A: This is situation-specific. About 55% of our exits historically have been to trade players, 35% have been IPOs, and the rest have been secondary transactions – involving other private equity firms and in one instance a continuation vehicle. We are cautious about continuation vehicles. We understand there has been some bad behaviour with these structures in other markets. Equally, the exit market is deep enough that, with an appropriately repositioned business, the trade buyer is more often the dominant opportunity for value realisation.

Q: Are you placing more emphasis on liquidity generation?

A: One of the conscious tweaks we’ve made over the years is around holding periods – in our first decade, the average was just over five years, since then it has come closer to four years.
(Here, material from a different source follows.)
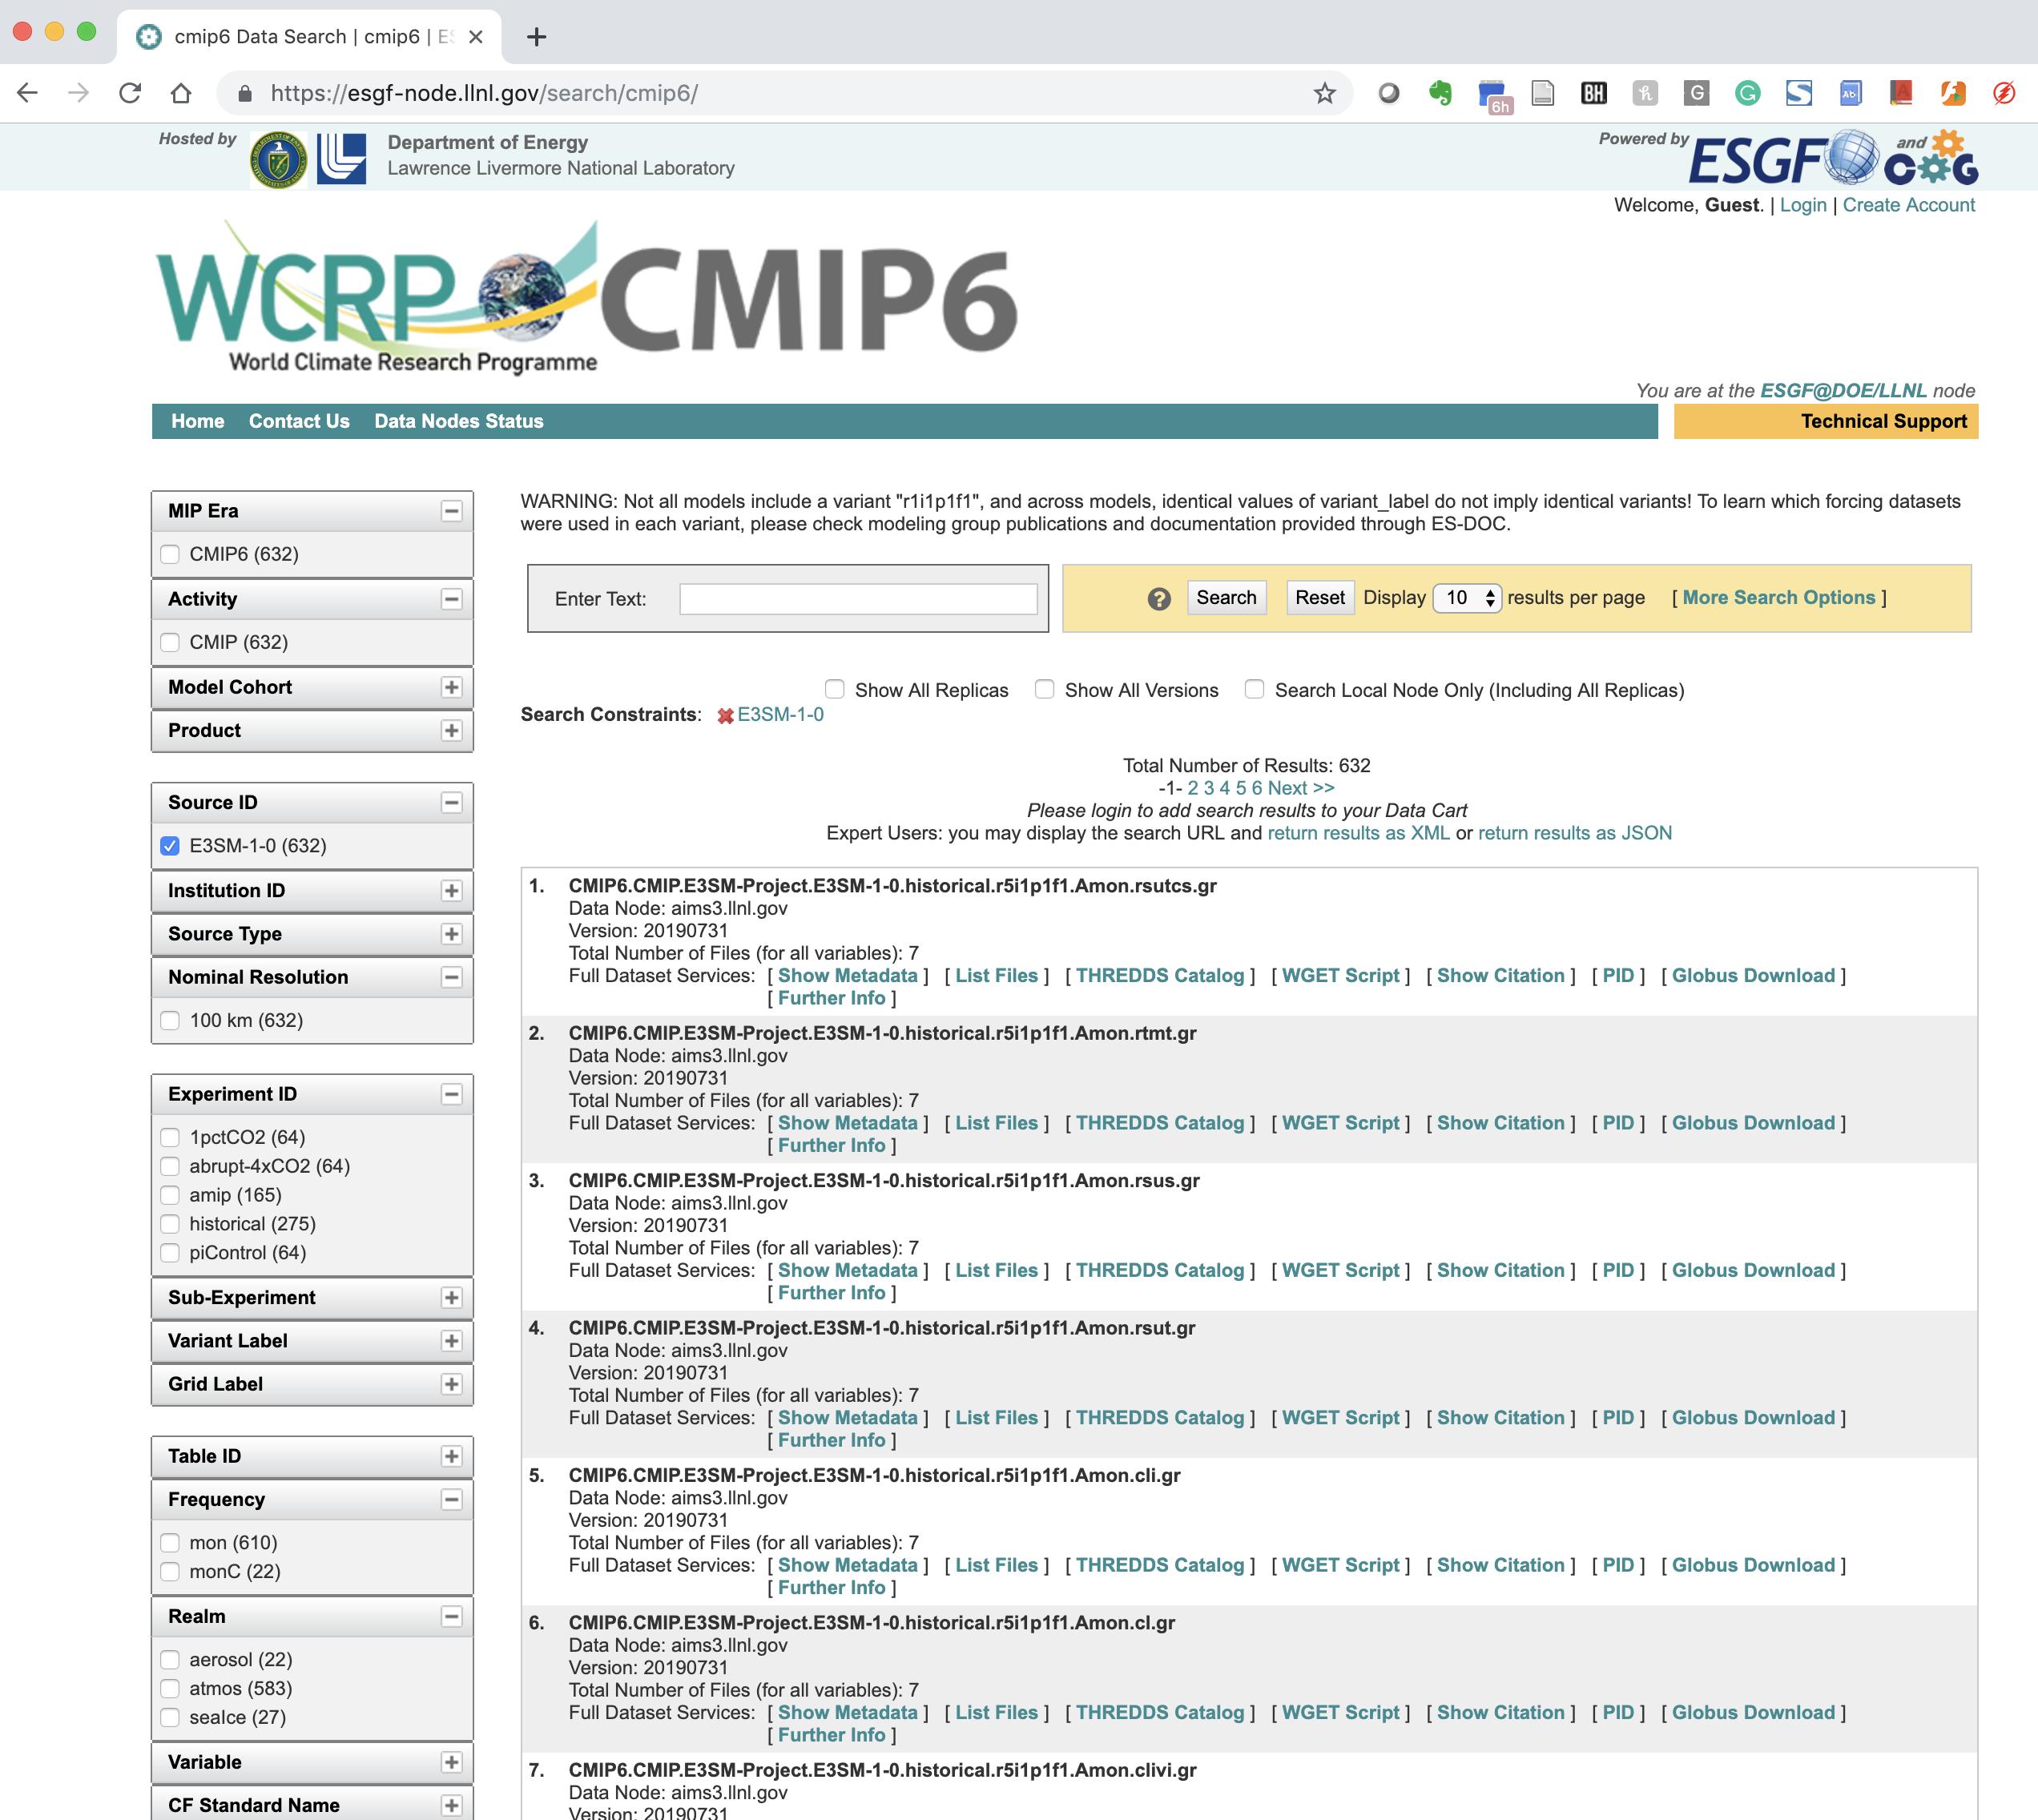 E3SM data in CMIP6 ESGF Archives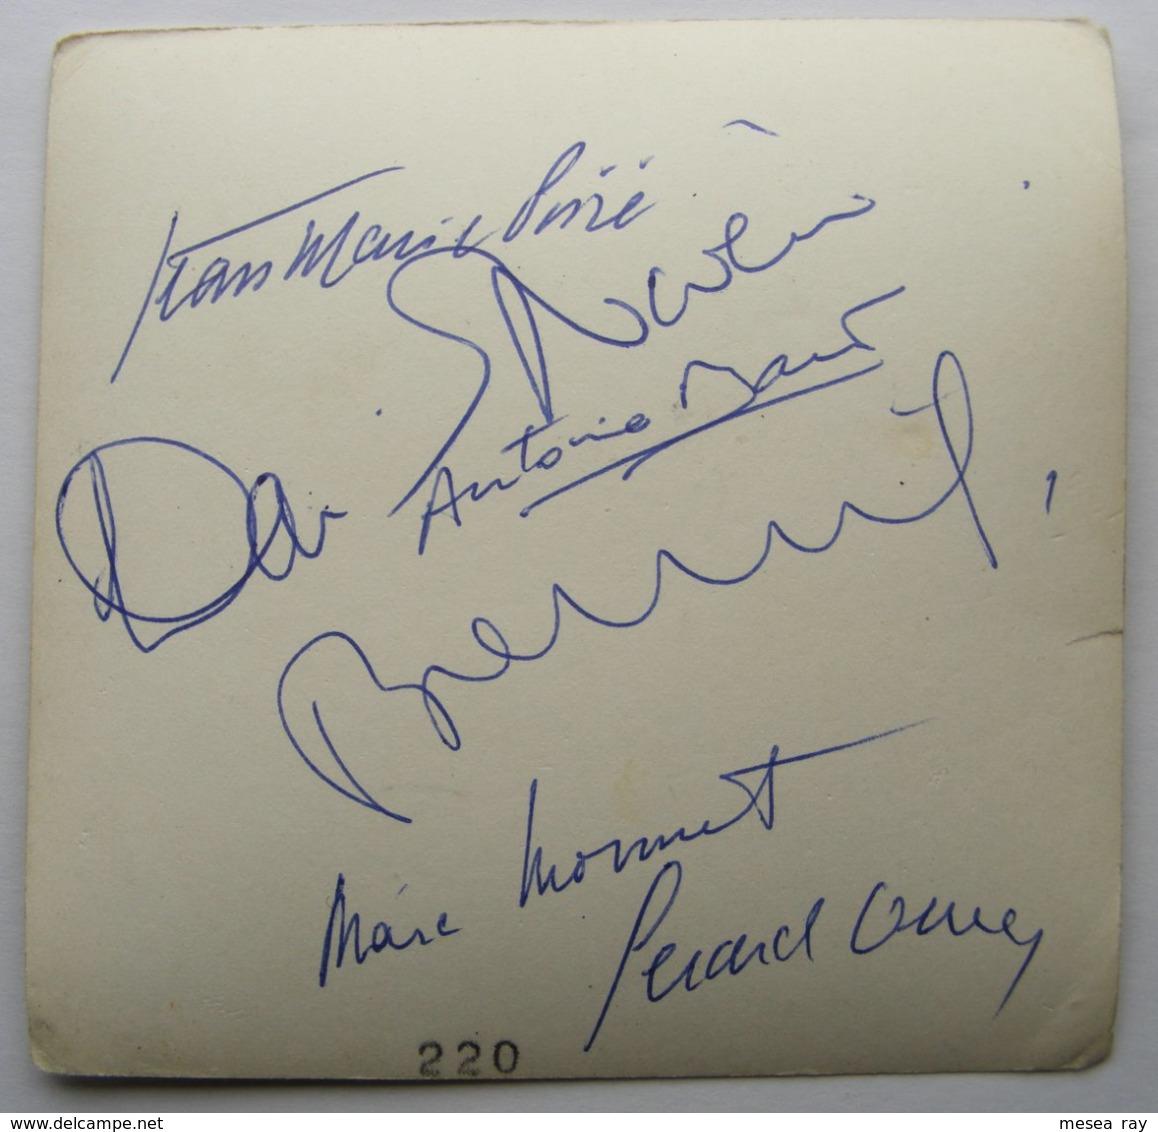 Gerard Oury Dédicace Tournage Le Cerveau Le Havre Photo Originale Dédicacée Bourvil David Niven 1968 3/19 - Signiert

When you have a good asset, there is always a temptation to hang on and hang on, but we have learned to be more disciplined. We are always looking for ways to generate liquidity. Fund V was 2015 vintage, we sold two businesses in 2019, and then in 2021 and 2022 we saw opportunities where businesses were maturing, and we completed the remaining seven exits in 10 months. Fund IV was a bit different. At the back of that investment period, we had a very strong set of companies that were generating 60%-70% profit growth in the first two years of ownership, and we completed dividend recaps on almost all of them over 12 months to return capital to our investors.

Q: For trade sales, what is the split between foreign and domestic buyers?

A: It’s about 50-50. There are periods where offshore buyers are keen and deploying into Australia and there are periods where they are trying to sell. I think we are entering a period where there will be more selling than buying.